Wade Sheldon (GCE)
The GCE Data Toolbox for MATLAB was initially developed in 2000 to process, quality control and document environmental data collected at the then-new Georgia Coastal Ecosystems LTER site (Sheldon, 2001). Development of this software framework has continued steadily since then, adding graphical user interface dialogs (Sheldon, 2002), data indexing and search (Sheldon, 2005), web-based data mining (Sheldon, 2006; Sheldon, 2011b), dynamic QA/QC (Sheldon, 2008), and a growing suite of tools for automating data harvesting and publishing (Sheldon et al. 2013; Gries et al., 2013). We began distributing a compiled version of the toolbox to the public in 2002, and in 2010 we released the complete source code under an open source GPL license (Sheldon, 2011a). Today, the GCE Data Toolbox is used at multiple LTER sites and other research programs across the world for a wide variety of environmental data management tasks, and we are actively working to make it a more generalized tool for the scientific community (Chamblee et al., 2013).
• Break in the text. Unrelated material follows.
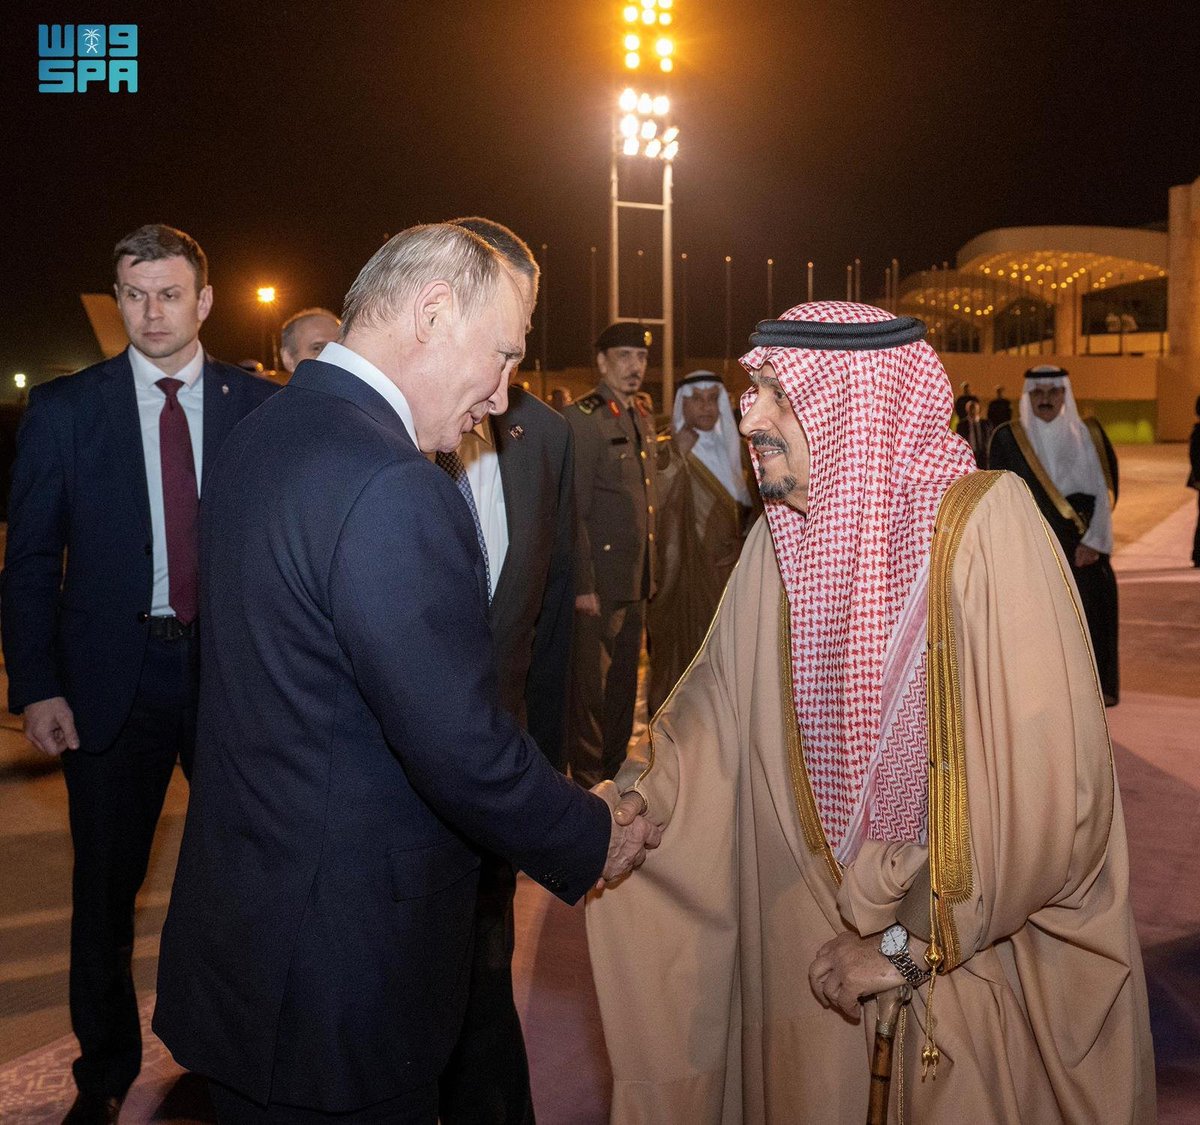 الرئيس الروسي يغادر الرياض

The toolbox can be leveraged in many ways, but it has proven particularly useful for designing automated data processing, quality control and synthesis workflows (Sheldon et al., 2013; Cary and Chamblee, 2013; Gries et al., 2013). Key factors include broad data format support, a flexible metadata templating system, dynamic rule-based QA/QC, automated metadata generation and metadata-based semantic processing (fig.1). Consequently, the GCE Data Toolbox was one of the technologies chosen for a 2012 LTER NIS workshop convened to test the PASTA Framework for running analytical workflows (see http://im.lternet.edu/im_practices/data_management/nis_workflows). The lack of built-in support for EML metadata proved to be a significant barrier to fully utilizing this toolbox for PASTA workflows during the workshop; however, complete EML support has since been implemented. This article describes how the GCE Data Toolbox can now be used as a complete workflow engine for PASTA and other EML-compatible frameworks.